M. Duhamel pense que l’épiderme des jeunes tiges, des fleurs, des fruits, des racines, n’est pas d’une contexture absolument semblable comme l’épiderme animal de la langue, des mains, des pieds, &c. Ici l’analogie l’a induit dans une erreur que l’observation microscopique détruit facilement. L’épiderme est absolument semblable par-tout, & si les différens morceaux que l’on examine ne le paroissent pas, cela vient uniquement de la plus ou moins grande quantité, ou d’utricules, ou de parenchyme, ou d’enveloppe cellulaire, ou de réseau cortical qui reste adhérent à l’épiderme.

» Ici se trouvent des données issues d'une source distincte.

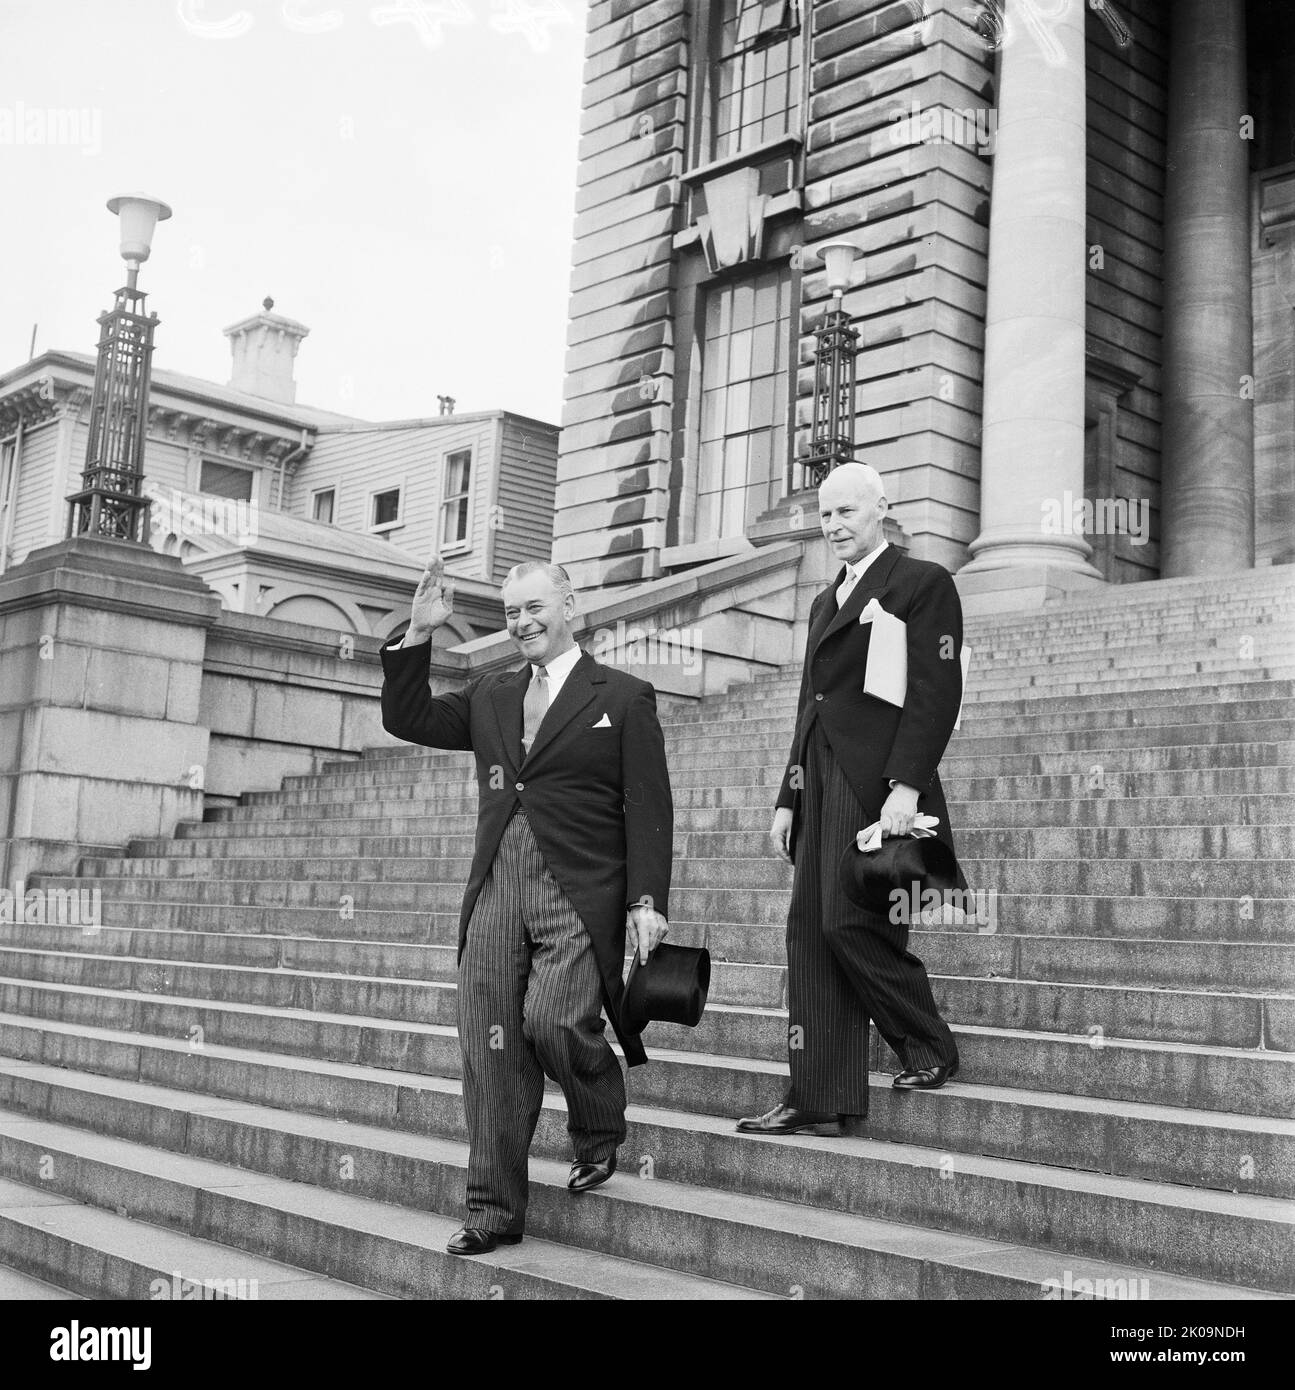 Der designierte Premierminister von Neuseeland, Keith Holyoake, verlässt die Parlamentsgebäude mit dem Leiter des Exekutivrats auf dem Weg zum Regierungsgebäude. Fotografiert am 12. Dezember 1960 von einem Mitarbeiter der Evening Post. Stockfoto

Quand avec de l’adresse & de la patience on est venu à bout de l’en dépouiller, on remarque bientôt une ressemblance générale. Il faut cependant observer que, si l’on n’examine que la surface extérieure de l’épiderme d’une branche ou d’une racine, il pourra se faire que l’on y verra des rugosités que l’on ne retrouvera pas sur l’épiderme du fruit ou de la corolle. Mais qui ne sent pas que ces rugosités sont le produit d’une première décomposition que souffre l’épiderme de la part de l’air & des météores ? Voyez la Planche du mot Épine ; Fig. 3, l’épiderme du jasmin ; Fig. 4, celui du pommier ; Fig. 5, celui du marronnier ; Fig. 6, celui du chêne ; Fig. 7, celui du bouleau. Ils sont tous vu au microscope.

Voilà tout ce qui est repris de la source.